Tax revenue is, on average, only around 22% of GDP in Latin America, compared to the OECD average of 34%. It is as low as 16% in Mexico and 12% in Guatemala. This leaves economic performance dependent on export growth, and vulnerable to sudden drops in commodity prices and world demand.
Oil prices shrunk by 50% in 2020, before Covid-19, and are now sitting at their lowest level since 1973. This is a blow for some of the largest economies of the region, including Brazil, Colombia, Mexico, Ecuador and Venezuela. Copper, soy prices and those of other commodities are also falling, meaning that the region will have to try and recover from Covid-19 from a weak position as demand for the region’s exports is unlikely to recover immediately.
The region needs urgently to articulate a strong response through planning for equitable development
The gains from the early years of the twenty first century are increasingly fragile. Although Oxhorn noted, between 2000 and 2010, the Gini coefficient declined in thirteen of seventeen Latin American countries, these recent gains are now more at risk than ever. If Latin American governments adopt austerity policies, there is also a danger of economic crisis is also turning into a political crisis.
It’s time to move away from unequal growth towards planning for equitable development
The World Bank has announced a $14million fund for developing countries to address the costs of the pandemic with the first round of support for the Latin American region projected to be in order of $100 million and an additional $170 million through redirecting projects to address Covid-19 needs.
Beyond this, many governments have taken measures. For example Chile have announced a $12 billion economic plan. But this tranche of funding will only address immediate needs. It does not provide resources to deal with the long-term costs of the health crisis and it will not change the increasing levels of inequality or the way Covid-19 has exacerbated inequalities. At most, it might provide a short-term safety net for those who in most desperate need.
The region needs urgently to articulate a strong response through planning for equitable growth. The long-term damage to regional economies and to the most vulnerable, alongside the structural problems with the Latin American economies and the political failures of some governments, highlight the need to change after the crisis not simply focusing on a return back to normal.

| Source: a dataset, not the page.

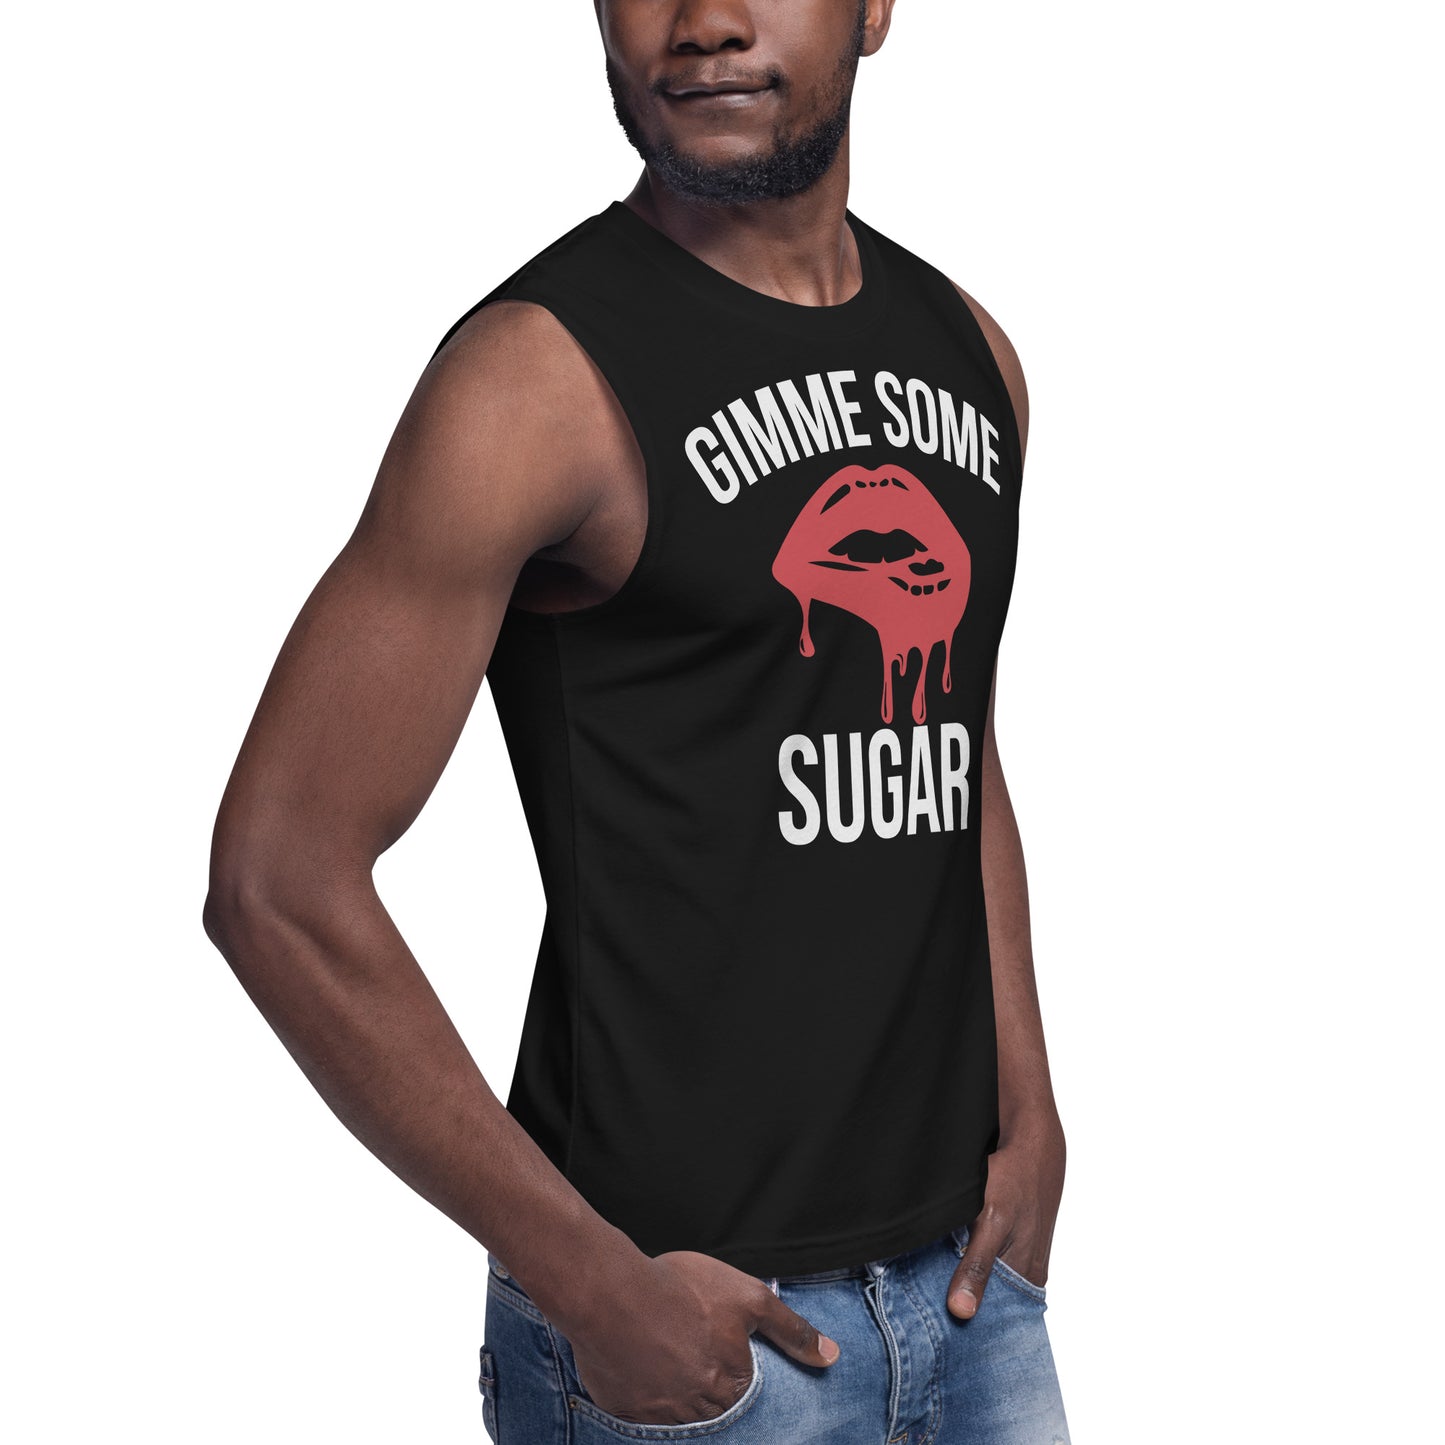 Gimme Some Sugar / Unisex Muscle Shirt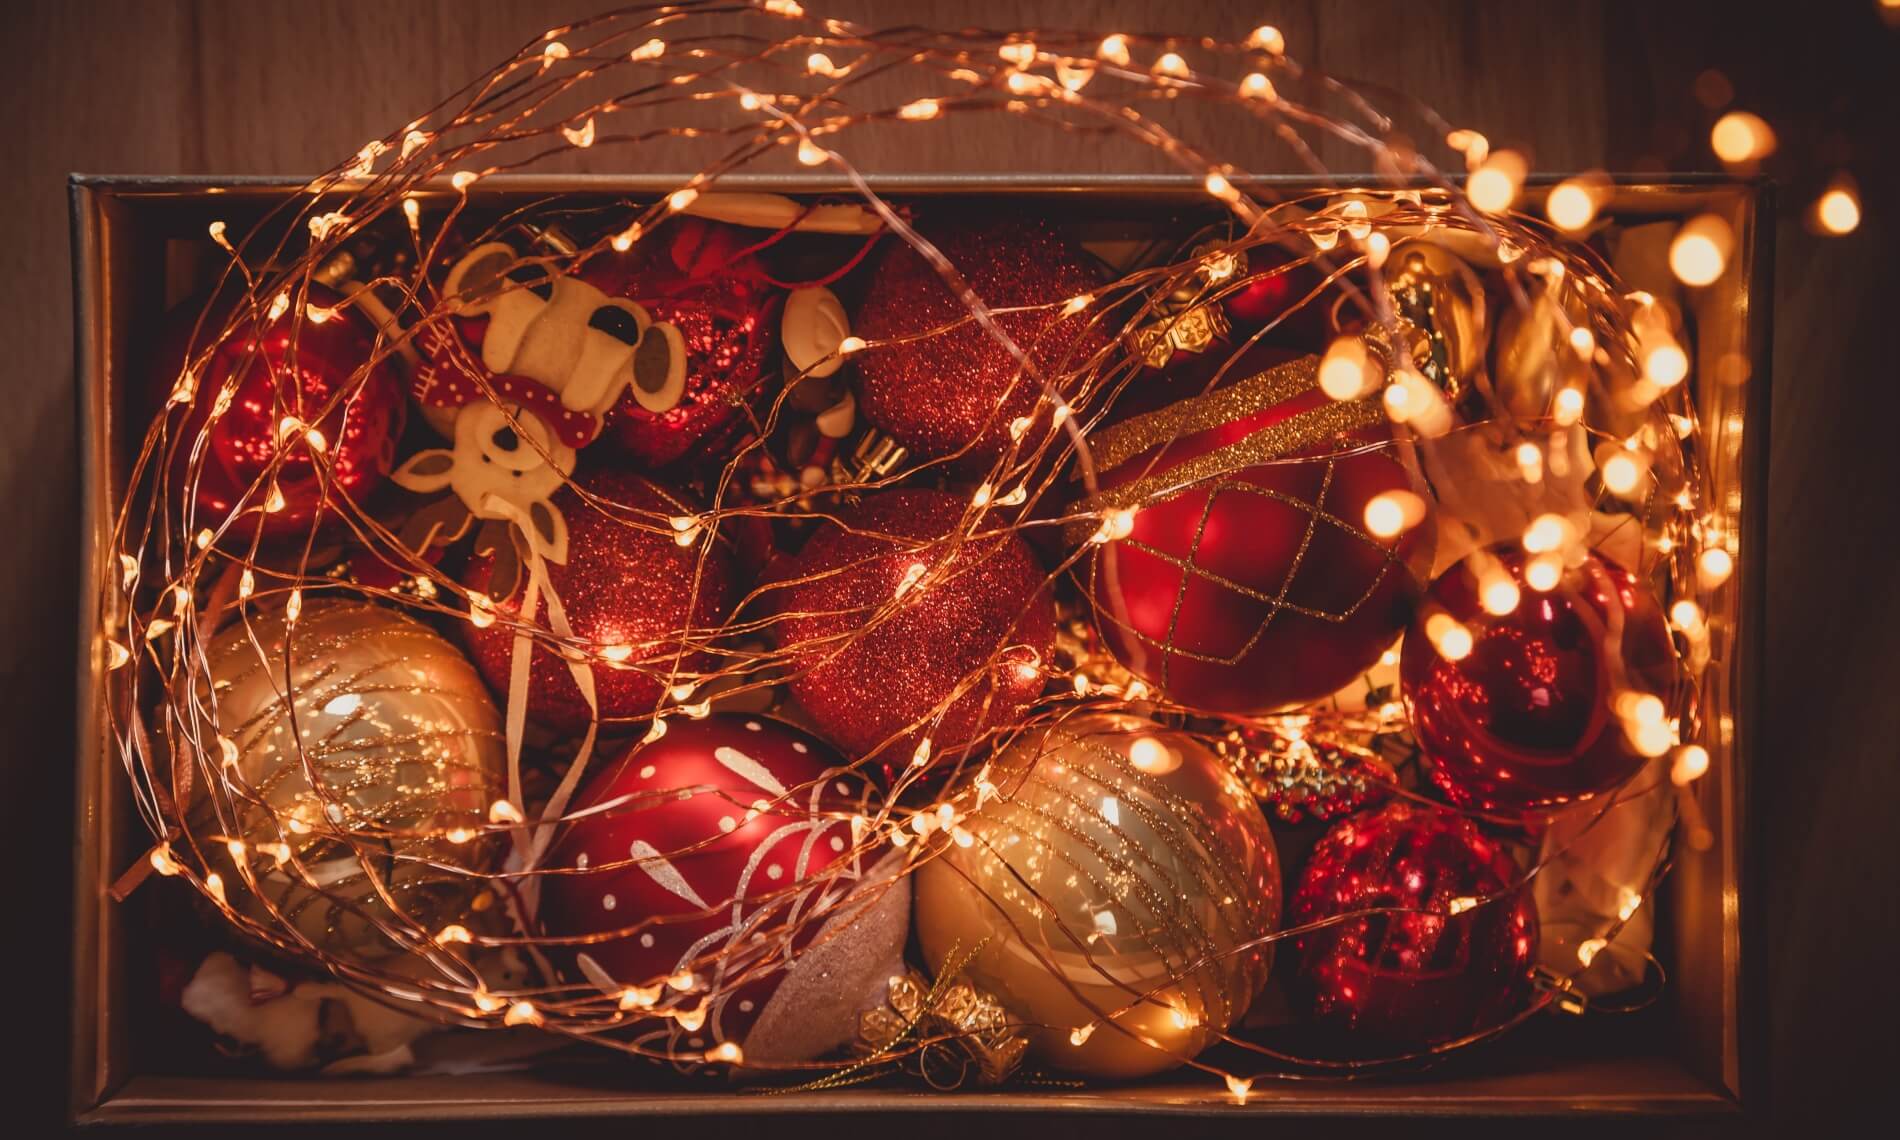 Lit up yellow Christmas lights with red and gold bauble balls in a box

In response to the pandemic, ECLAC has recently published a manifesto for change and more equal development, and this should be taken seriously. ECLAC’s proposal focuses on the need for drastic long-term economic reforms to address underlying economic problems, as well as the current COVID-19 crisis. In particular, ECLAC draws attention to the need for effective and inclusive welfare reform, alongside the need for growth.
As ECLAC says, even before the crisis, the region had inadequate social protection, lacked unemployment benefits and an unjust organisation of social care. Alongside widespread political instability, these hinder sustainable and inclusive growth and reduce the chances of the region meeting the Sustainable Development Goals by 2030.
ECLAC recommends a cohesive and coordinated response from governments that includes the strengthening of social protection systems in order to support vulnerable populations.
It is time for the region to consider reforms to try to emerge from the pandemic with a bright future. These reforms could go as far the introduction of universal basic income as a way of reducing inequality and enabling those who are paying a high price for stabilising the spread of Covid-19 in the region by not working to come out of the pandemic with a future.